TASK OBJECTIVE >> The pictures must be left out, while the rest of the data is copied exactly.

INFORMATION SHOWN >>
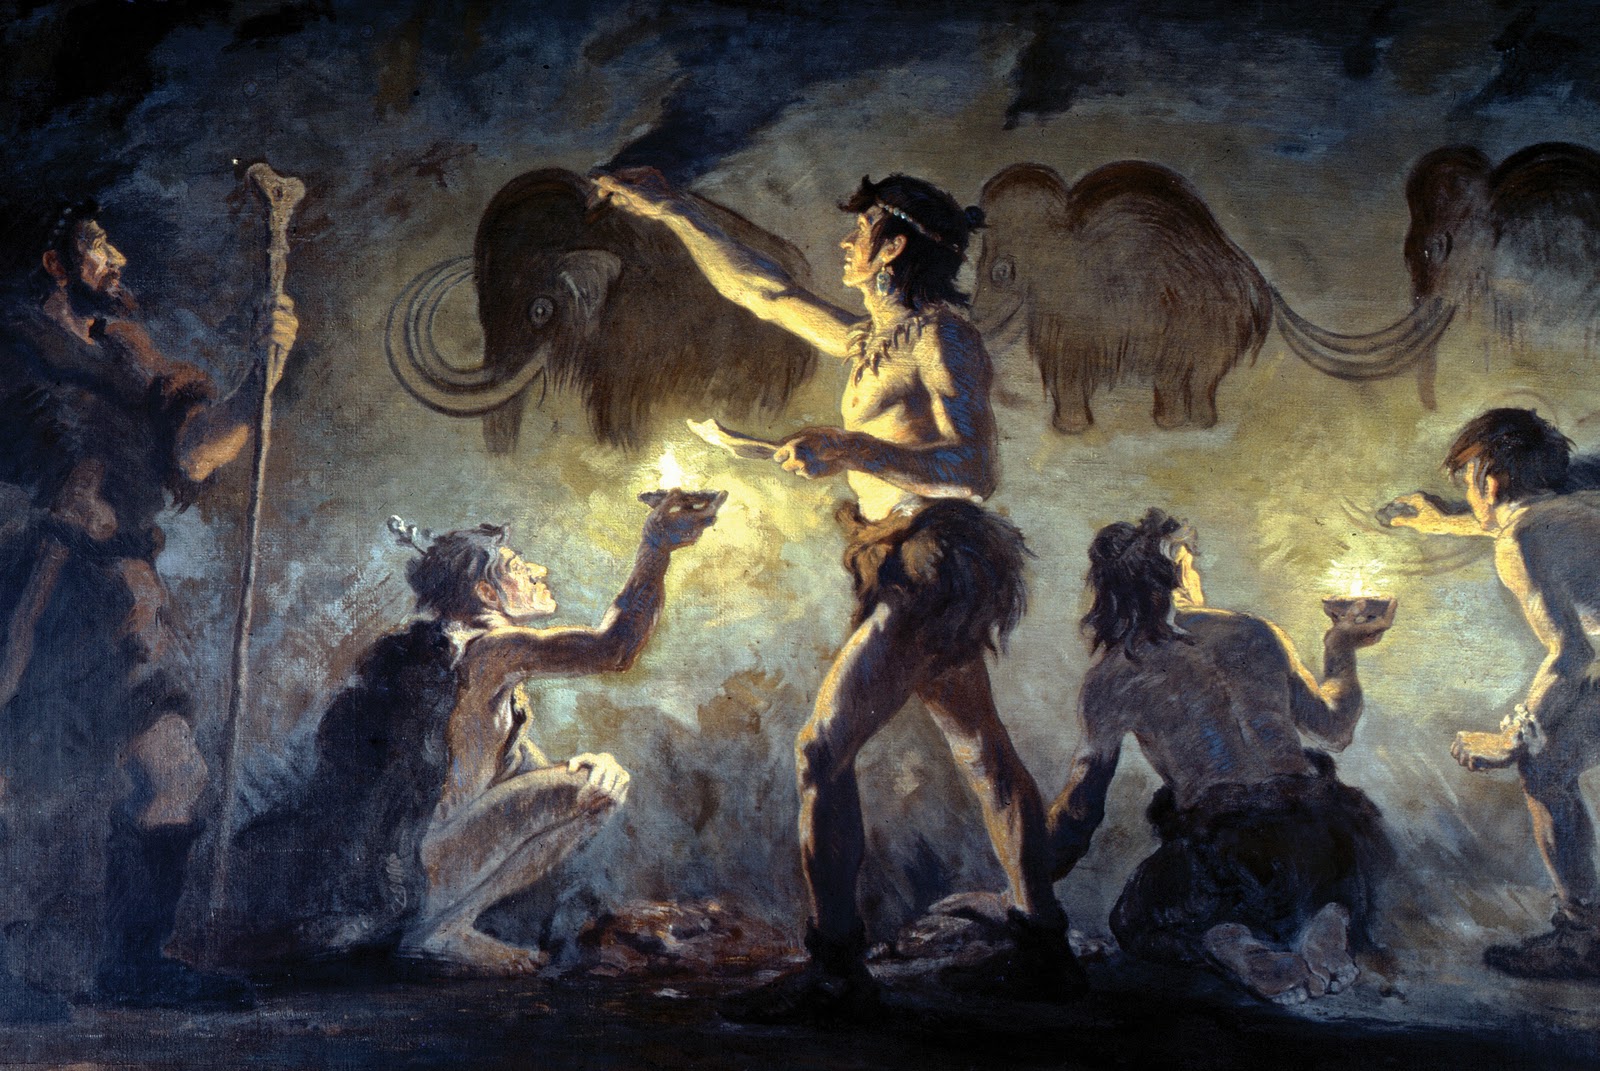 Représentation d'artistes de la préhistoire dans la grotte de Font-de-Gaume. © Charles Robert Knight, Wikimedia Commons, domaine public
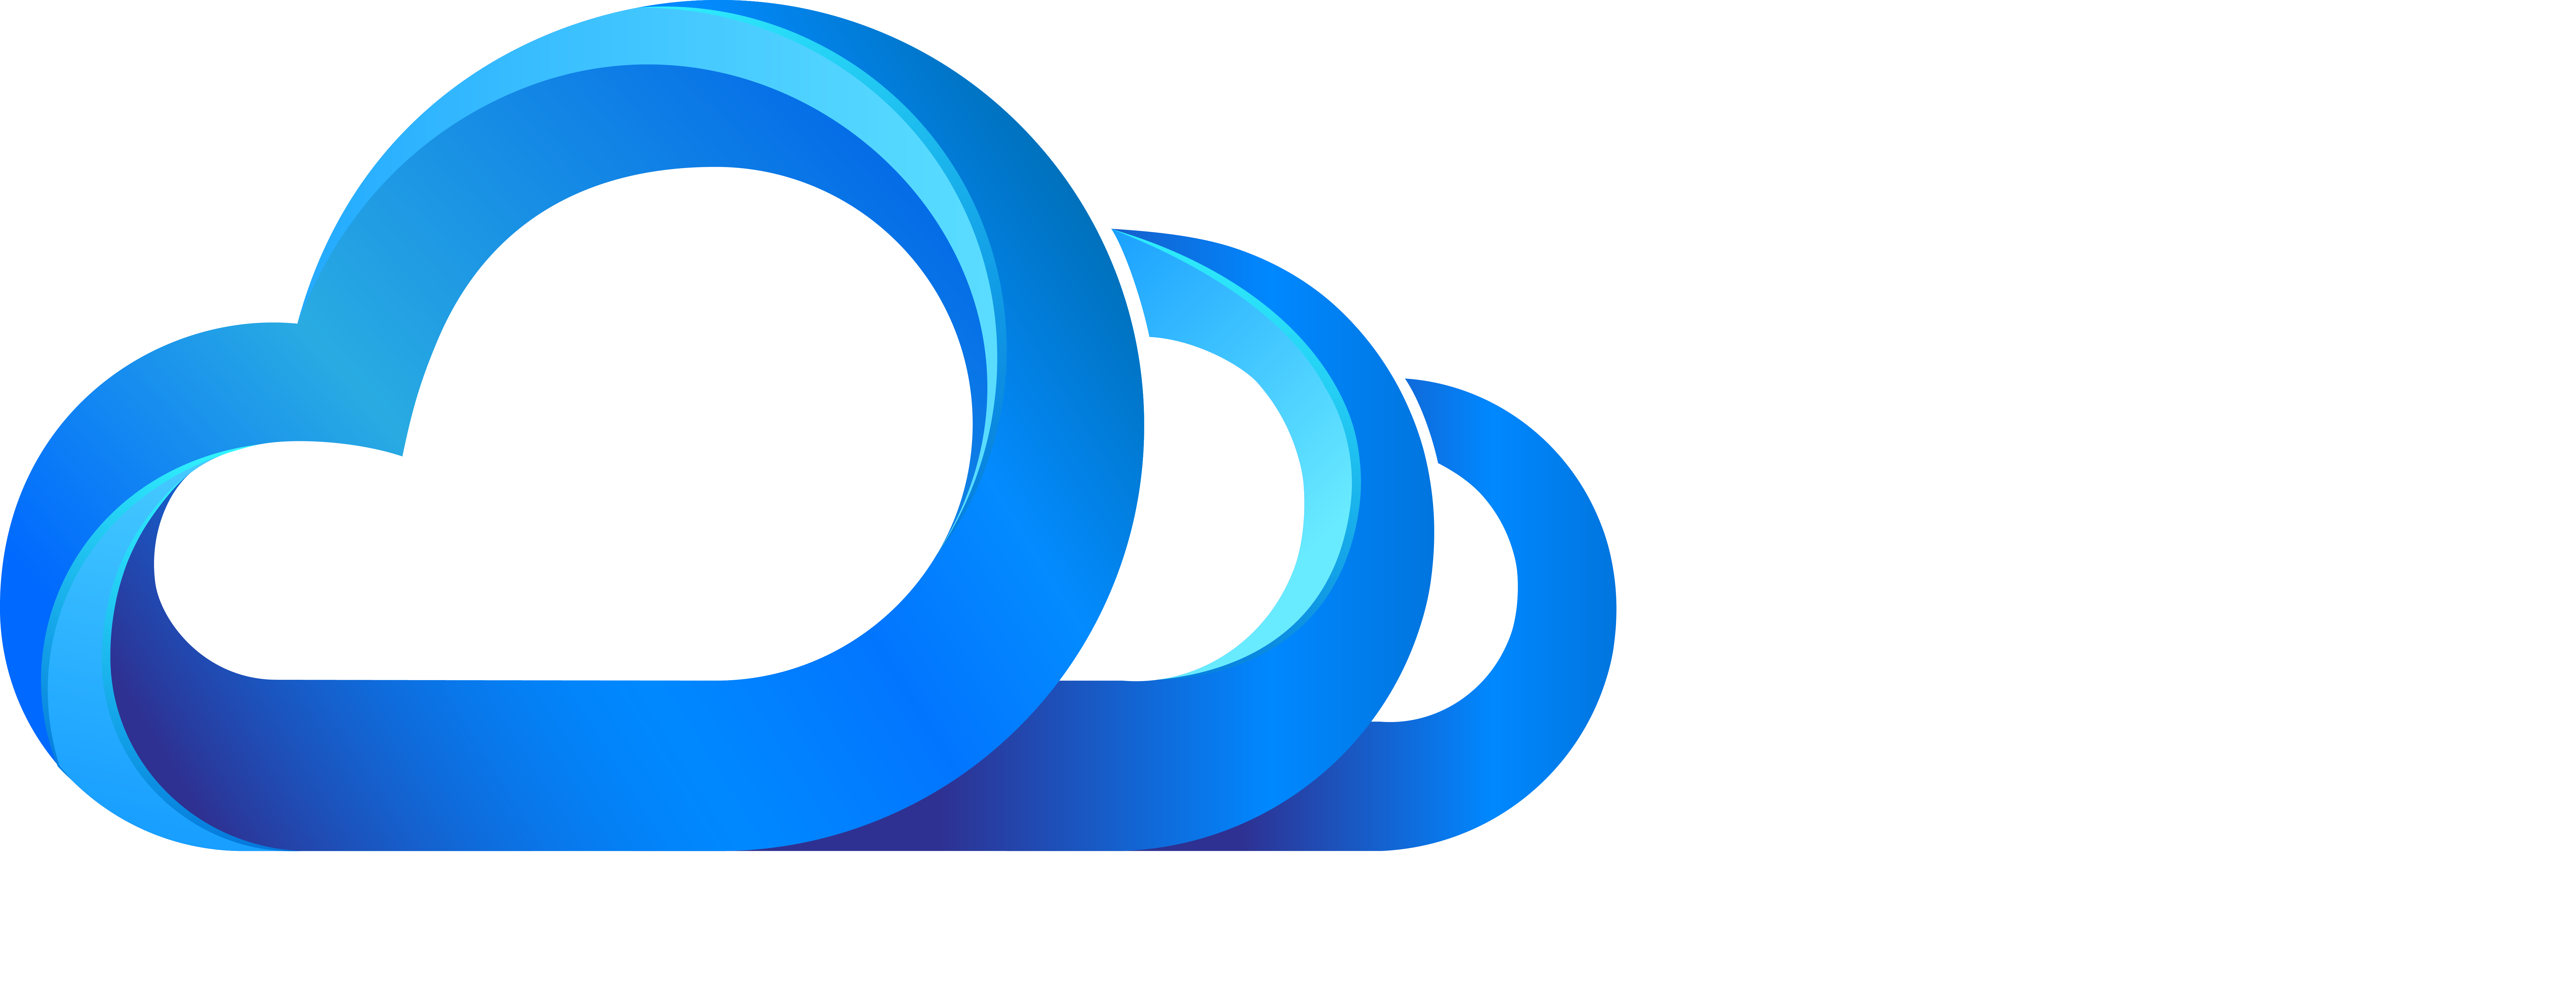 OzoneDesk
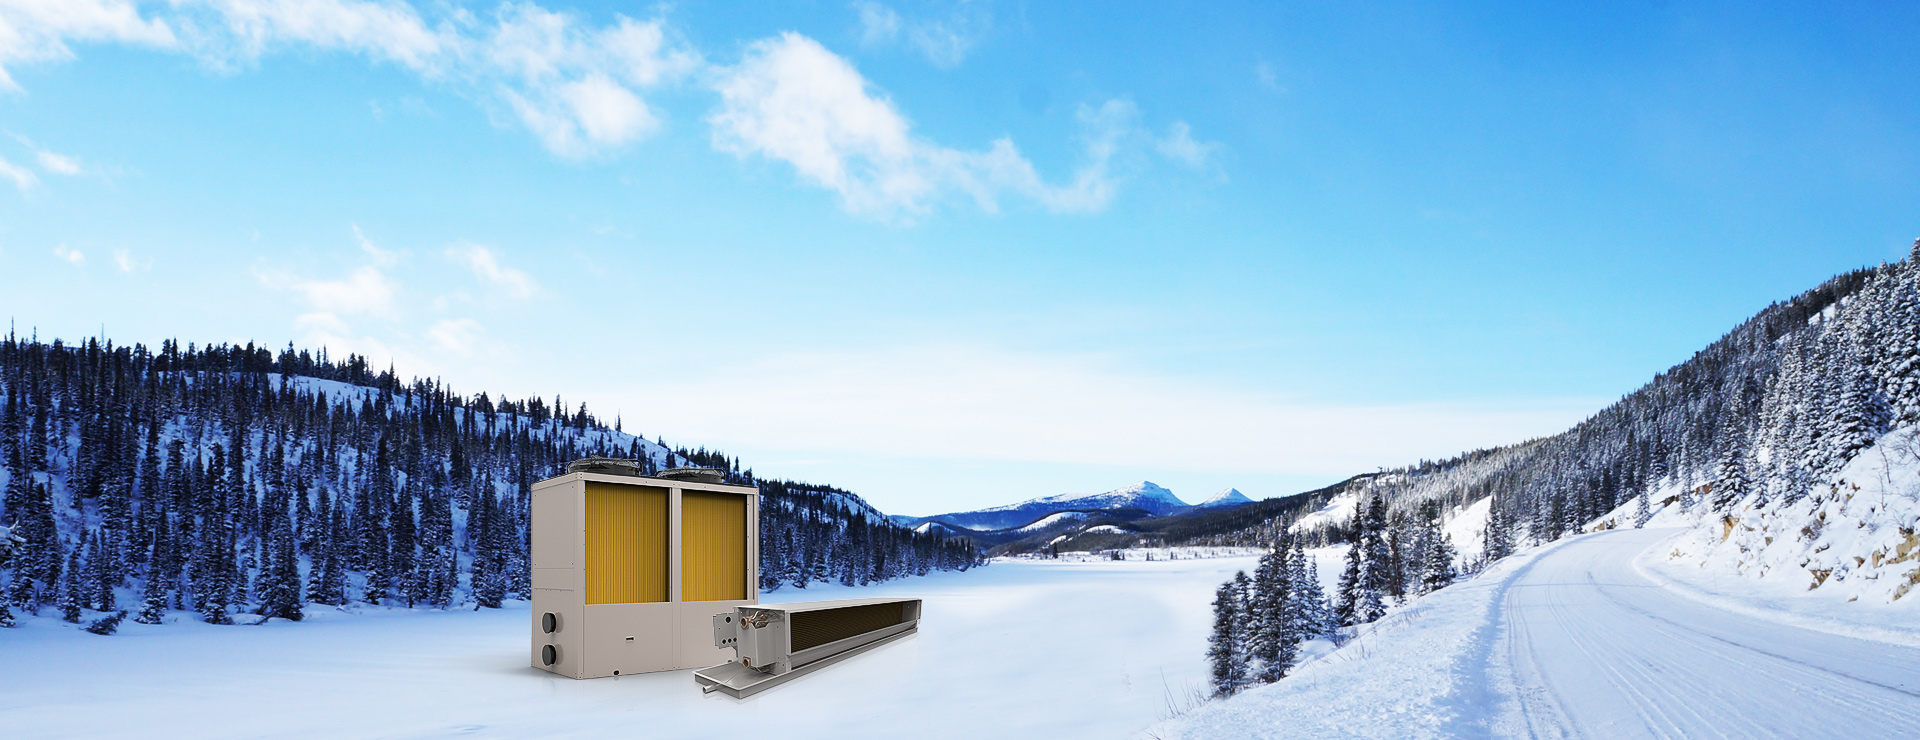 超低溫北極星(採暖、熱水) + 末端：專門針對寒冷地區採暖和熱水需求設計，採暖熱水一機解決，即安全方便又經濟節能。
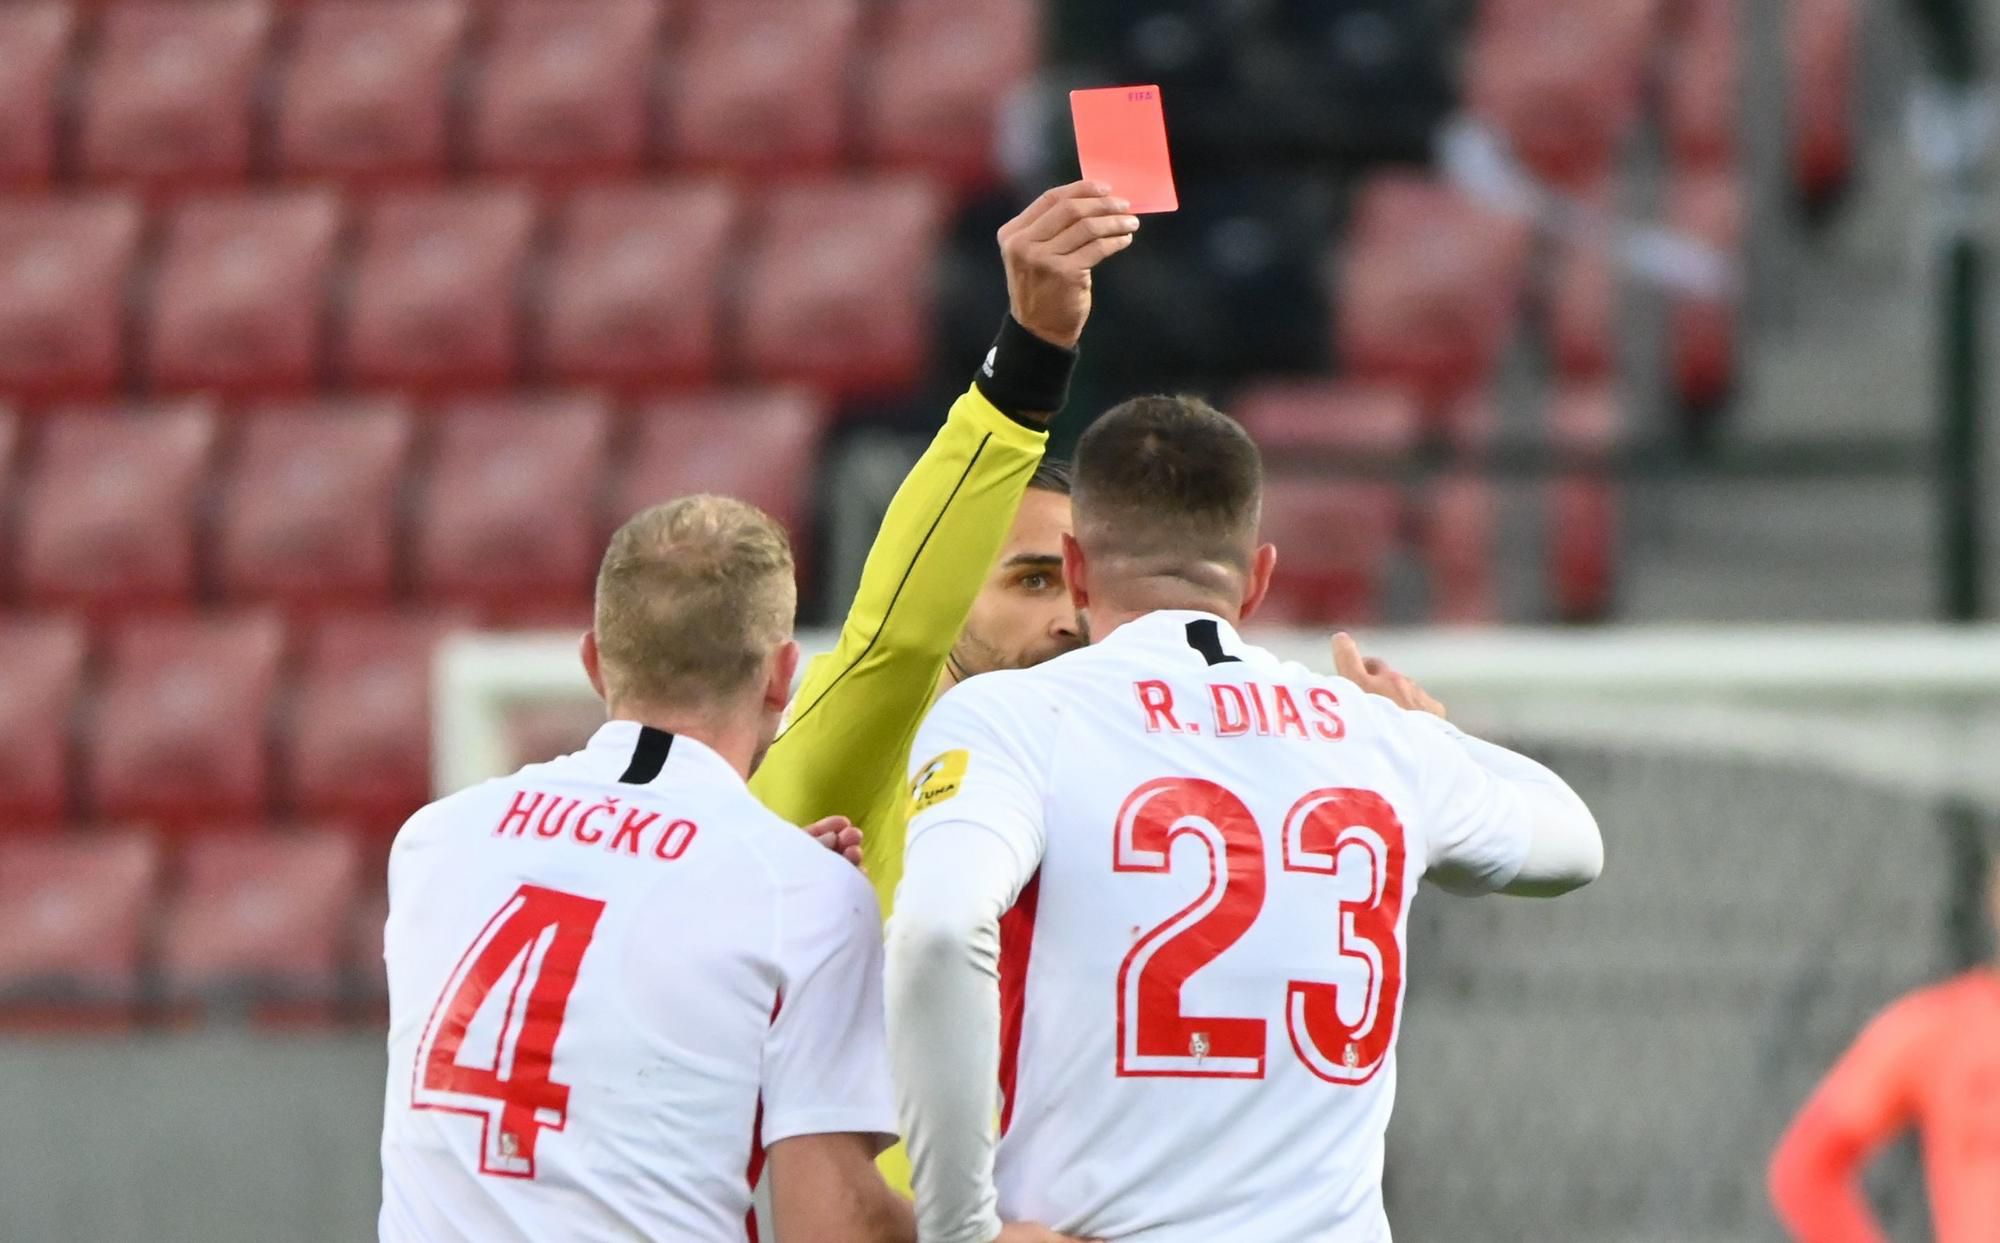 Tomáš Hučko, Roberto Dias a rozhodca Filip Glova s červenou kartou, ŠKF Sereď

RESPONSE TO THE TASK >>
 Représentation d'artistes de la préhistoire dans la grotte de Font-de-Gaume. © Charles Robert Knight, Wikimedia Commons, domaine public
 OzoneDesk
 超低溫北極星(採暖、熱水) + 末端：專門針對寒冷地區採暖和熱水需求設計，採暖熱水一機解決，即安全方便又經濟節能。
 Tomáš Hučko, Roberto Dias a rozhodca Filip Glova s červenou kartou, ŠKF Sereď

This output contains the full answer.